Recommender systems play a key role in e-commerce, video streaming media, music platforms, and many other online services, as they address the problem of information overload. Research on serialized recommendations is of great importance and has gained widespread attention in recent years. Given a sequence of user behavior, sequential recommendations capture the sequential transition pattern between consecutive items and predict the next item that the user may be interested in. GRU4Rec [1] uses recurrent neural networks (RNNs) to model the sequential behavior of users. SASRec [2] uses a self-attention mechanism to capture high-level information from user behavior. Additionally, the recommendation algorithm based on graph neural networks (GNN) converts each behavior sequence into a sequential graph.

Self-supervised learning (SSL) mines self-supervised signals from the sequence to mitigate the problem of data sparsity. Contrastive learning, as a typical self-supervised learning method, has received increasing attention in various fields. Contrastive learning takes positive and negative samples from data to maximize the consistency of positive samples and minimize the consistency of negative samples. S3Rec [3] and CL4Rec [4] perform data-level augmentations to user behavior sequences, while DuoRec [5] performs model-level augmentations.

The above contrastive learning methods completely obtain self-supervised signals from the sequence. Due to the limited items contained in each user behavior sequence, the self-supervised signals obtained from the sequence are insufficient. Moreover, S3Rec and CL4Rec generate contrastive views through simple data augmentation methods (such as item crop) on user-item interaction sequences, resulting in low diversity of contrastive views and weak self-supervised signals. To address the above issues, the main work of this paper is as follows:

(1): We use graph neural networks to capture local context information, and an encoder is used to extract sequence context information to generate importance scores.
(2): We ensure that the positive view remains semantically similar by guiding the generation of contrastive learning positive views through graph neural networks.
(3): Using two data augmentation methods, mask and crop, positive views are generated based on the importance score of the item.

2. Related Work

2.1. Sequential Recommendation

Sequential recommendation predicts the next item that users may purchase by learning the user’s behavioral sequence.

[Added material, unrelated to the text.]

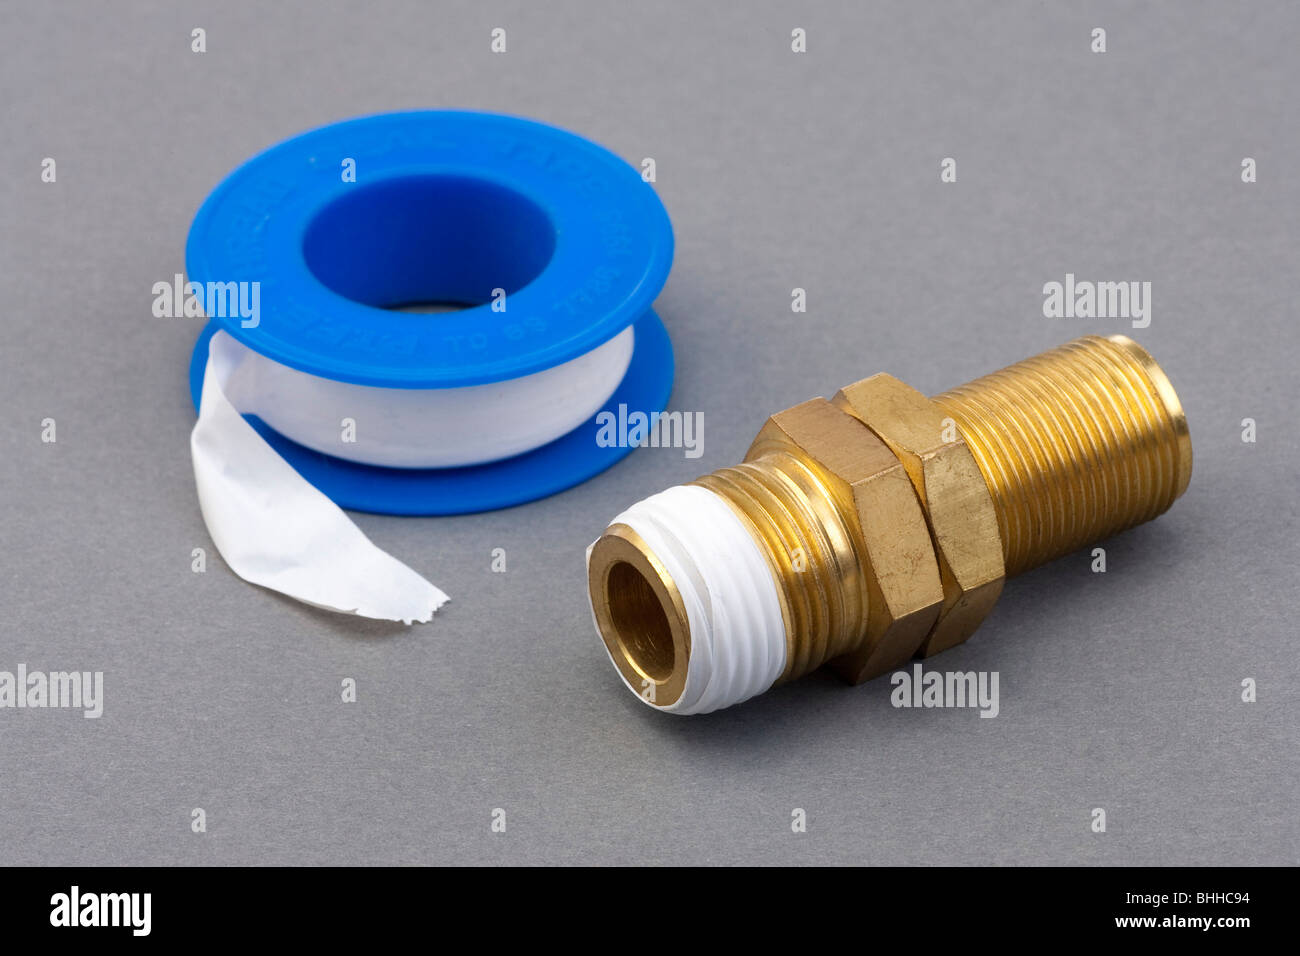 PTFE teflon tape used to seal threaded pipe connectors Stock Photo

Early research focused on modeling the relationships between items through Markov chains (MC), which are based on the previous item purchased by the user to infer the next item to be purchased. For instance, FPMC [6] captures sequential patterns through first-order Markov chains and then extends to high-order Markov chains. With the development of deep neural networks, the focus of sequential recommendation research has shifted towards the use of neural networks, such as RNN-based [7,8] methods that treat user behavior sequences as a sequential modeling problem and apply recurrent neural networks to capture sequential transformation patterns. CNN-based [9] algorithms treat the sequence as an image and use convolution networks to model sequences.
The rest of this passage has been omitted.